Prothrombin G20210A mutation is a weak risk factor for venous thrombosis in combination with other transient or inherited risk factors. In particular, homozygous carriers are at increased risk of venous thromboembolism. It is unlikely that the prothrombin mutation plays a major role in the cause of other arterial thrombotic disease, with the exception of myocardial infar1ction, or pregnancyrelated complications [25]. However, studies that attempt to establish the risk for coronary artery disease have yielded conflicting results [26].

In our study, homozygosity for the MTHFR C677T mutation and/or presence of at least one copy of the A allele of the Factor V Leiden G1691A mutation was found to be associated with increased incidence of venous thrombosis complications in patients (p<0.01). The combined impact of these mutations on venous thrombolism should also be taken into consideration. In our study, prothrombin (G20210A) mutation was not found to be associated with venous thrombolism complications.

Comparison of the prevalence of thrombophilic mutations among male and female patients with venous thrombosis complications

Comparing the occurrence of these three thrombophilic mutations among female and male patients with venous thrombosis complications revealed that there is no significant difference in the prevalence of these mutations between male and female patients (p>0.05). The allelic frequency of the MTHFR (C677T) mutation among female patients is 0.36. The allelic frequency among male patients is 0.38 (Table 3). Conroy et al. have also not observed any gender bias in homozygosity for the MTHFR (C677T) mutation [20]. The allelic frequency of the factor V Leiden mutation for male patients is 0.21. The allelic frequency for female patients is 0.14 (Table 4). The allelic frequency of the prothrombin mutation was found to be 0.03 among female patients and 0.05 among male patients (Table 5).

Conclusion

Homozygosity for the MTHFR C677T mutation and/or presence of at least one copy of the A allele of the Factor V Leiden G1691A mutation were found to be associated with increased incidence of venous thrombosis complications in patients (p<0.01). The combined impact of these mutations on venous thrombosis should also be taken into consideration.

In our study, prothrombin (G20210A) mutation was not found to be associated with venous thrombosis complications.

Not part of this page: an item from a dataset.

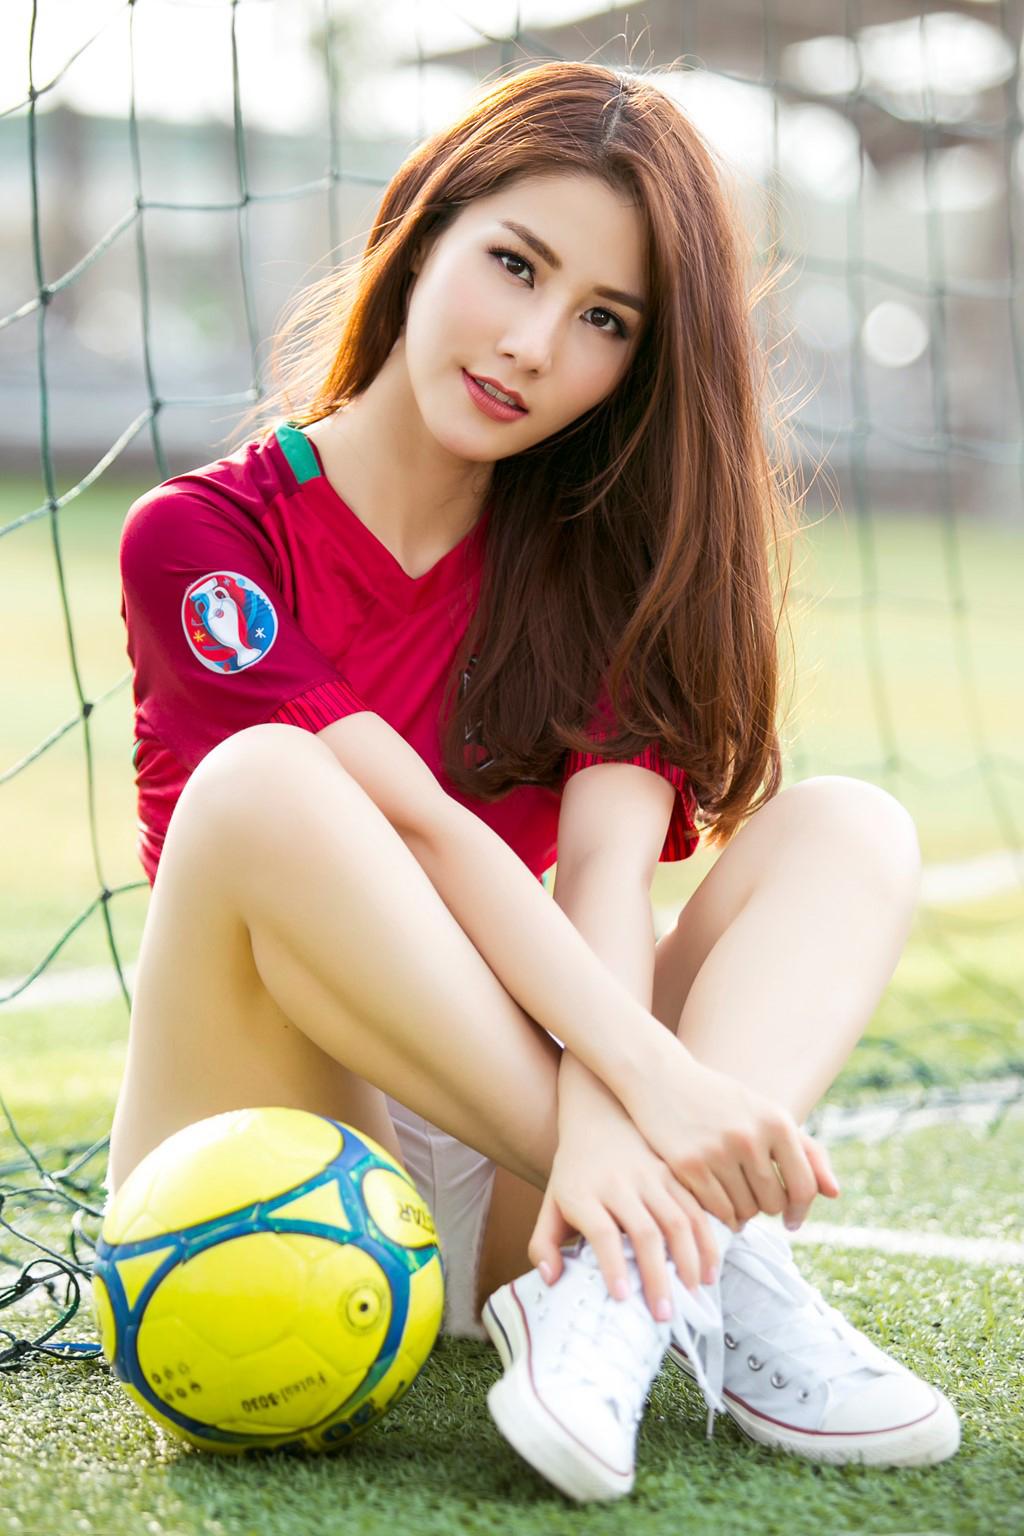 Trước thềm Euro 2016, nữ diễn viên xinh đẹp Diễm My 9x đăng tải một

We also found that the prevalence of factor V Leiden (G1691A), prothrombin (G20210A) and MTHFR (C677T) gene mutations in Turkish patients with venous thrombosis complications were comparable to the results of other studies performed in Turkish and Caucasian populations. We also did not observe any significant gender dependency for the factor V Leiden (G1691A), prothrombin (G20210A) and MTHFR (C677T) gene mutations.